Johnson Controls Exec To Lead Harley-Davidson

Analysts said Keith E. Wandell is expected to bring the international sales and manufacturing experience the company needs, as it tries to reach a new audience.

DETROIT (AP) -- Analysts said the new chief executive of Harley-Davidson Inc. is expected to bring the international sales and manufacturing experience the company needs, as it tries to reach a new, younger audience amid a sales slump.

Keith E. Wandell, 59, president and chief operating officer of Milwaukee-based automotive supplier Johnson Controls Inc. was named the new CEO of Harley-Davidson Monday. He replaces, James L. Ziemer, who is retiring after 40 years at Harley and four years at the helm.

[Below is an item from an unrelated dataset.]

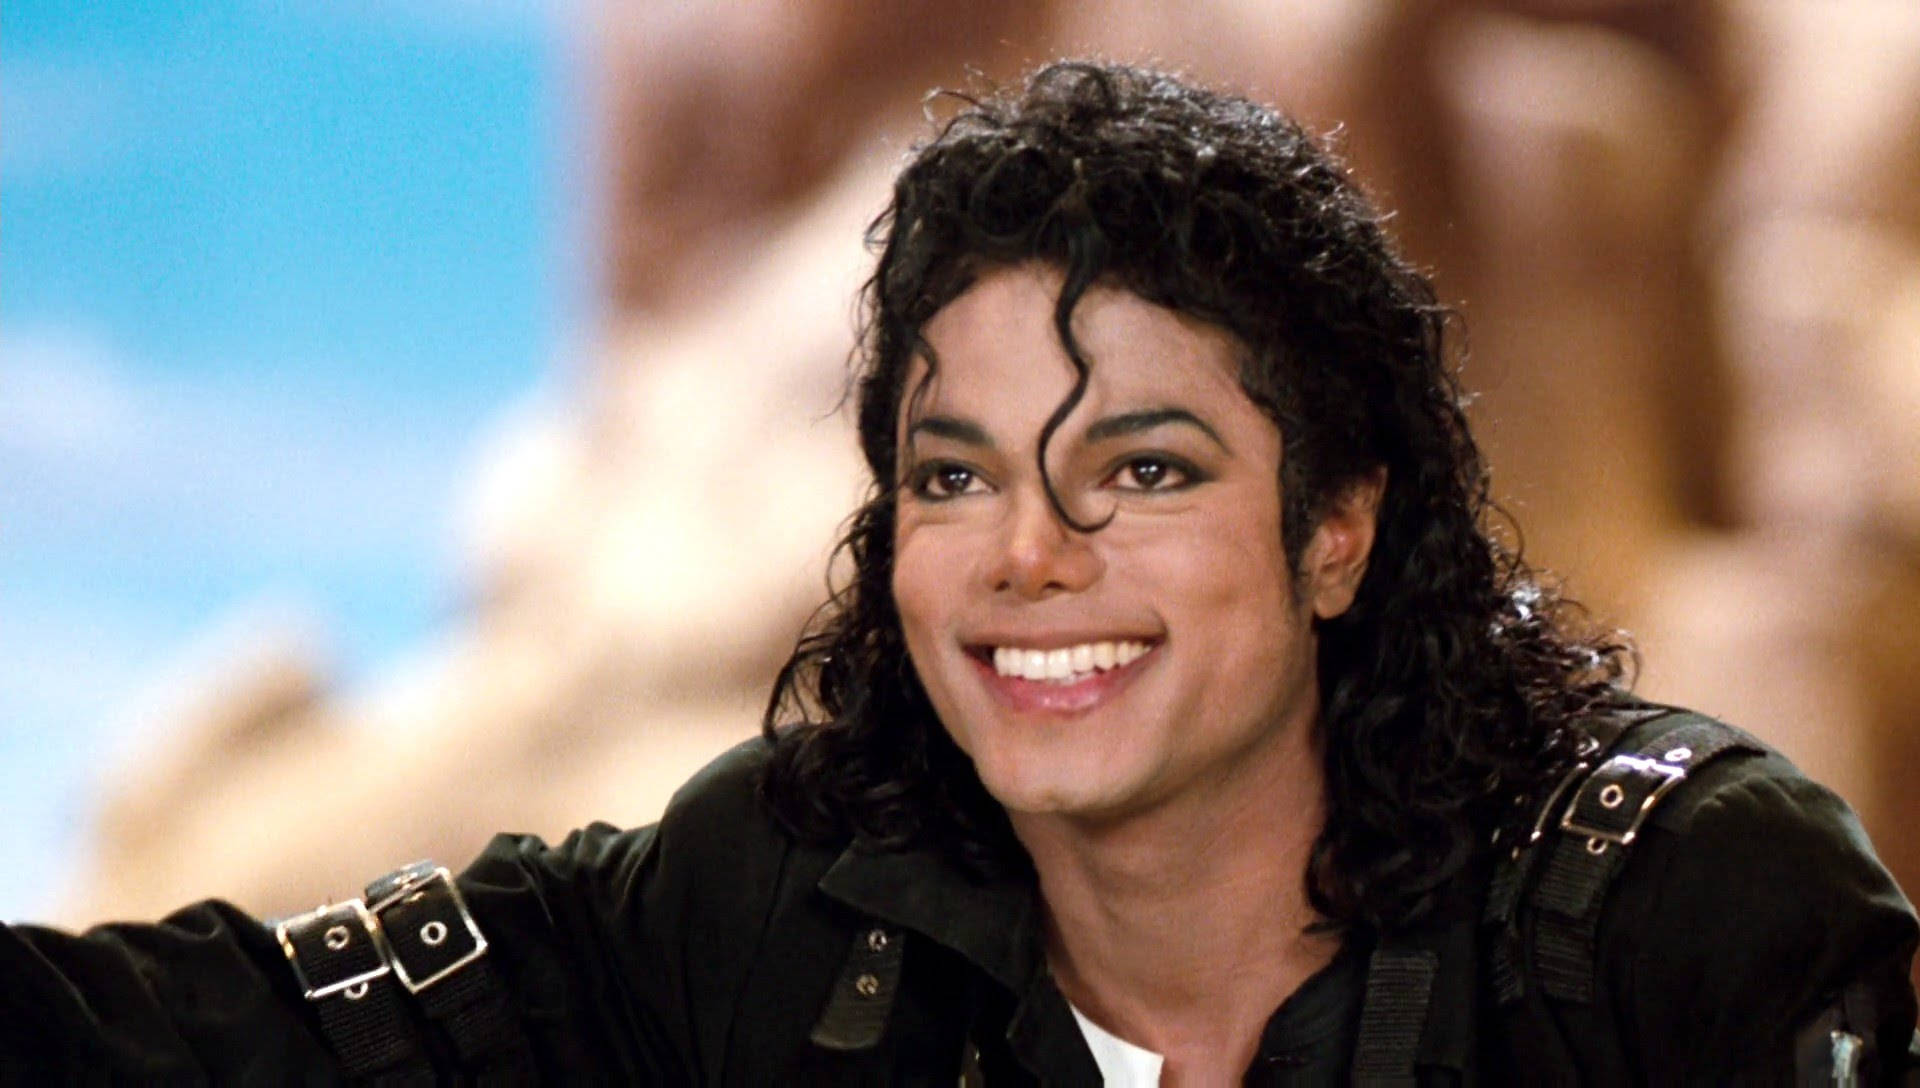 Michael Jackson Smile Wallpaper

BMO Capital Markets analyst Edward Williams said in a research note that the move, along with other management changes and new product investment will "help better position the company to bring its brand to the global market."

RBC Capital Markets said it was expecting an external CEO hire with global industrial experience.

"We think Mr. Wandell very well qualified from an operations standpoint," wrote RBC Capital Markets analyst Edward Aaron. "He is also well regarded as a leader from what we gather."

Wandell represented auto suppliers at Congressional hearings in December.

Aaron said that the Wandell is likely to lower financial expectations, adding that the company's 2009 guidance is "on the aggressive side."

Wandell will take over Harley as sales of its iconic heavyweight bikes have slumped as the tough economy keeps buyers out of dealerships and the credit crisis continues to make it difficult for some customers to get financing.

Harley, which is also based in Milwaukee, said in January its 2008 profit fell 30 percent to $654.7 million, or $2.79 per share. Its motorcycle shipments fell 8 percent to 303,479 during the same period.

Ziemer will step down May 1.

Wandell has worked for Johnson Controls for the past 21 years. Johnson Controls makes car battery and interiors. He said some of his first priorities for the job are establishing long-term goals for the 106-year-old company.

Harley also announced a series of other leadership changes. Matthew S. Levatich was named president and chief operating officer of Harley-Davidson Motor Co., James A. McCaslin will take on the newly created role of executive vice president for corporate product planning and Enrico D'Onofrio will become managing director of MV Agusta.